The monkey playing Shakma is called Typhoon and was handled by Gerry Therrien of Action Animals. Although the title might be read to indicate it is a chacma baboon, Typhoon was actually a hamadryas baboon. Actress Amanda Wyss was terrified of the animal.

In an interview, actor Christopher Atkins said that production was "Intensive" and that actors had to be careful when making eye-contact with the baboon as it could become aggressive. Atkins also claimed that women who were on their period were not allowed to go near the baboon, as it would "go crazy" if they did. Furthermore, Atkins claimed that the baboon would try to attack the trainer's assistant Steve Martin because it believed it was higher in the pecking order than him. This aggressive relationship led to the baboon dislocating its shoulder during production. Atkins also states that the baboon's aggression led to its penis becoming erect, which he claims had to be "air-brushed" out of the film.

During production, as many scenes as possible were filmed without the actors interacting with the baboon due to safety concerns. Instead an animatronic or puppet baboon was used in some shots including one where a puppet of Typhoon was thrown through a glass window.

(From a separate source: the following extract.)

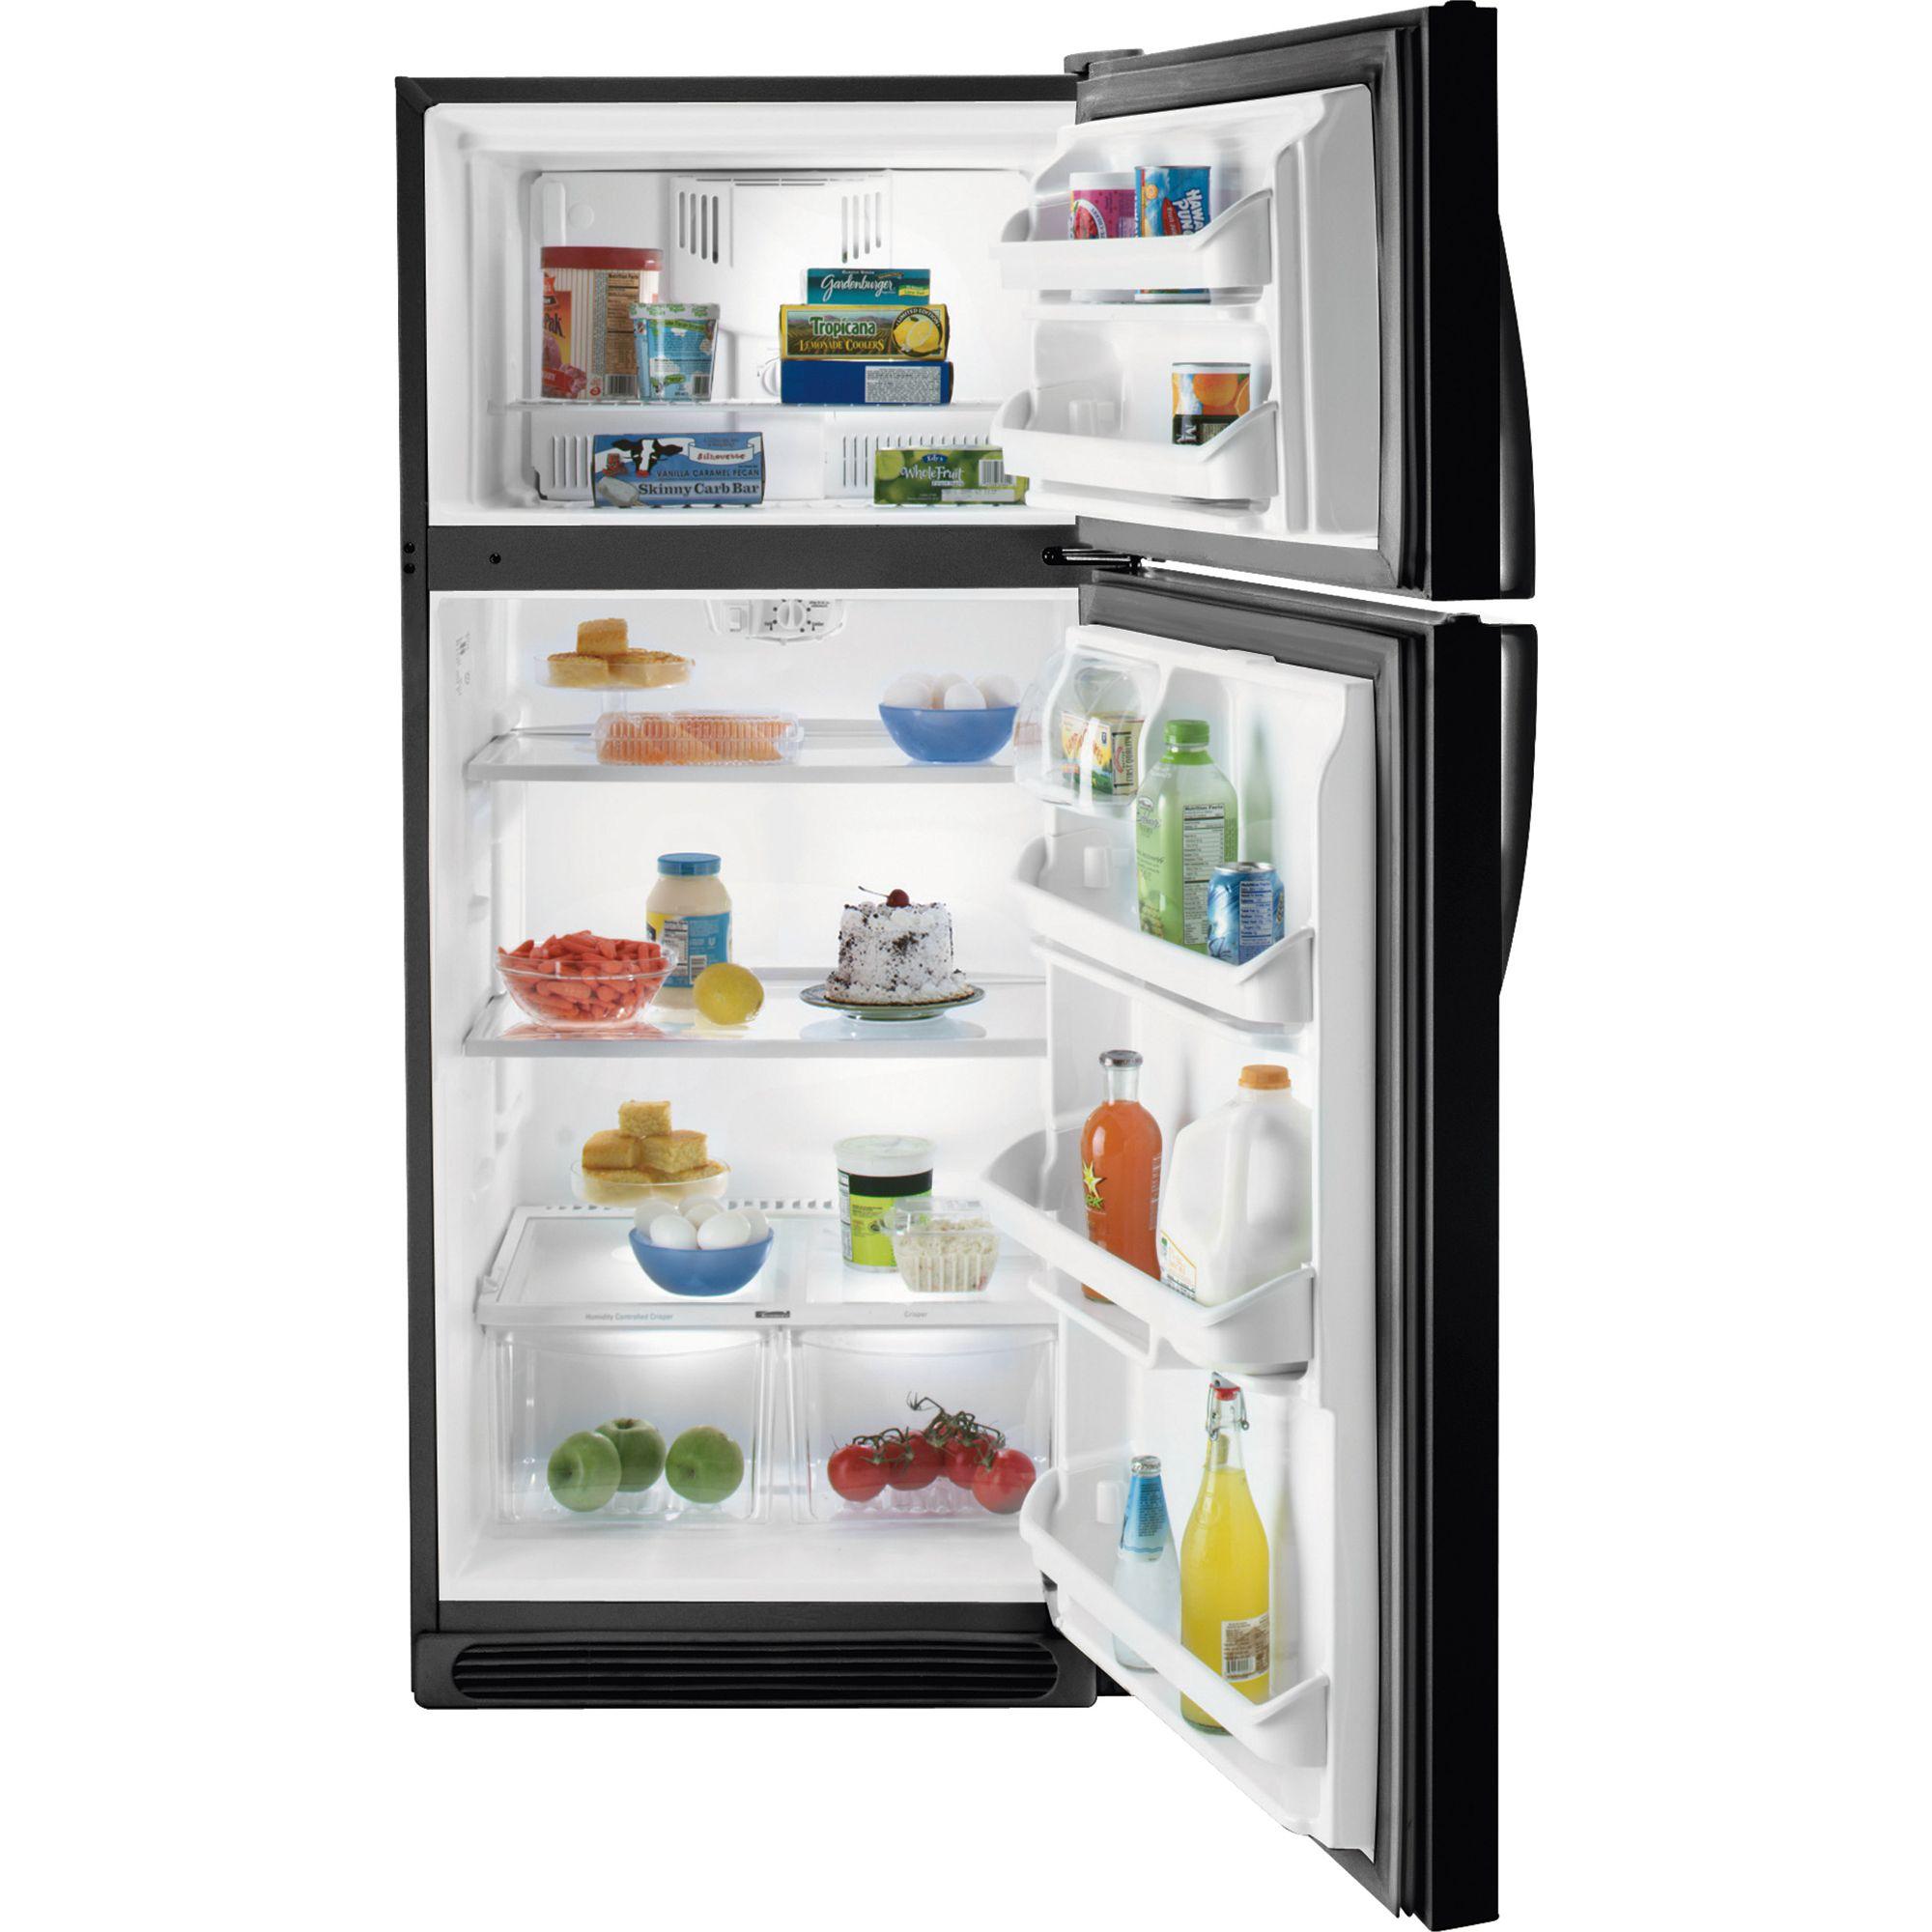 Kenmore 18.2 cu. ft. Top-Freezer Refrigerator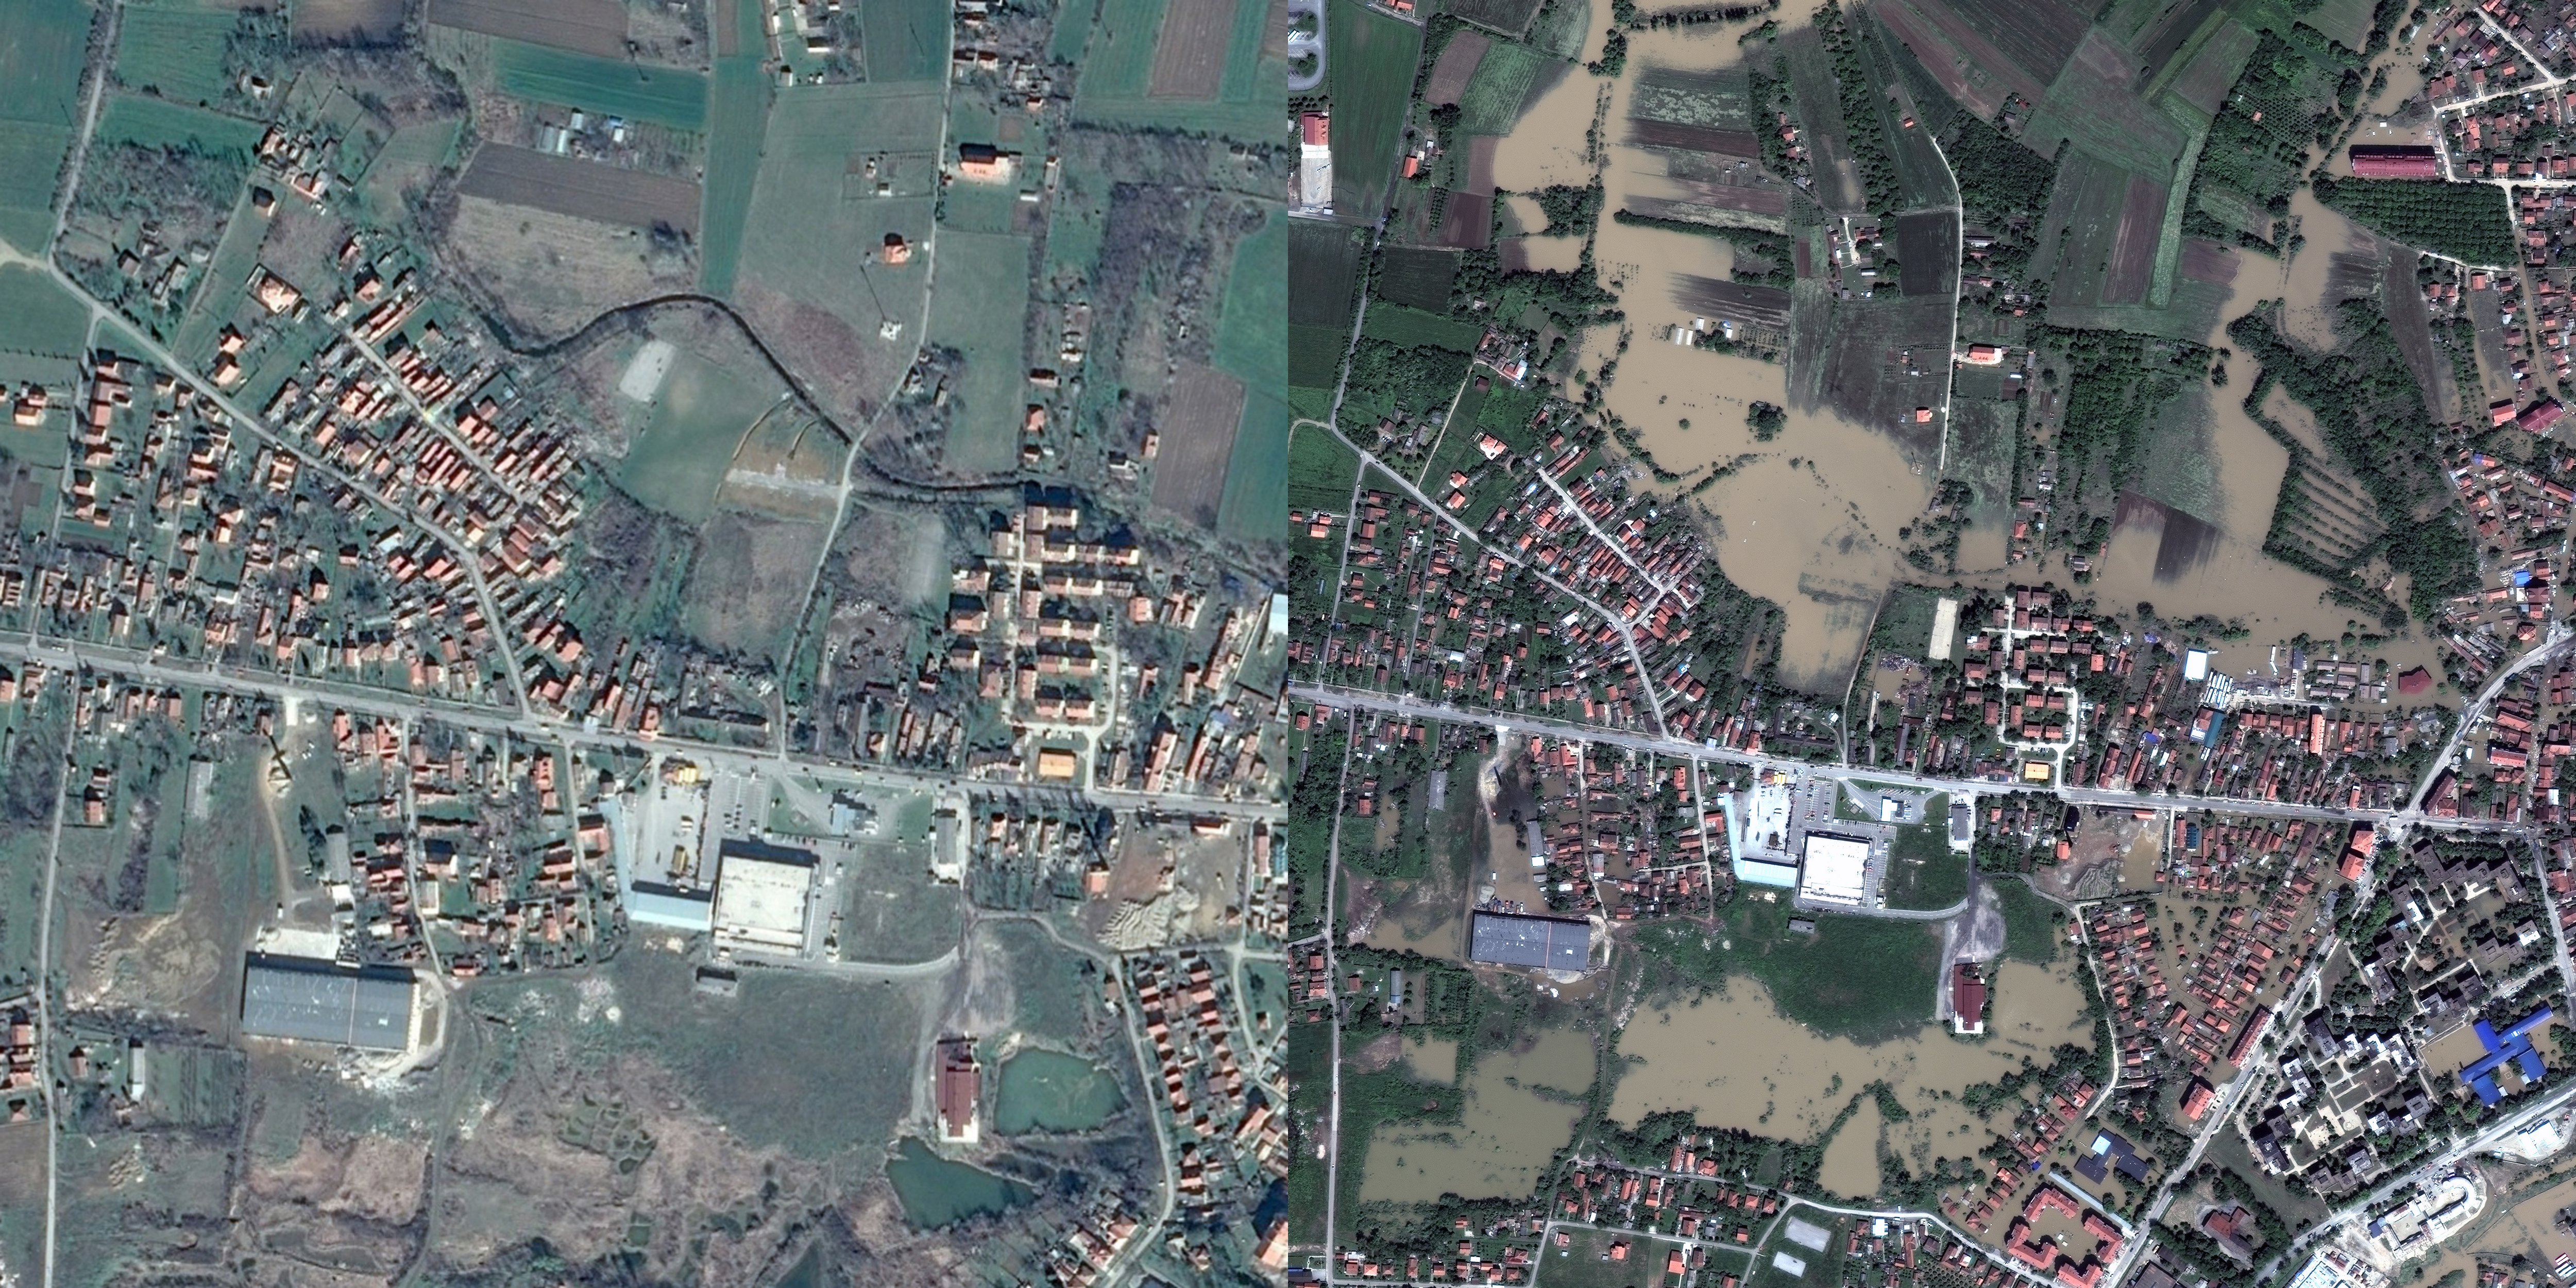 Left: Obrenovac, Serbia before floods.                               Right: Obrenovac, Serbia May 21, 2014.

Filming took place at Universal Studios Florida. Atkins became involved in the film because he was friends with Jim Parks, a producer at the newly opened studio. Filming had to stop around 3 o'clock on most days due to thunderstorms near the studio.

==Release==
Shakma had a limited theatrical run before being released on VHS in 1990. It would get a barebones budget DVD release on October 16, 2007, and a more substantial Blu-ray version from Screen Archives Entertainment under its Code Red label in 2013. This edition features an interview with director Tom Logan, commentary by Logan and David Decoteau, and host segments by Katarina Waters. It was only released in a limited 3000-copy print run. A DVD with the same features came out on October 13, 2015.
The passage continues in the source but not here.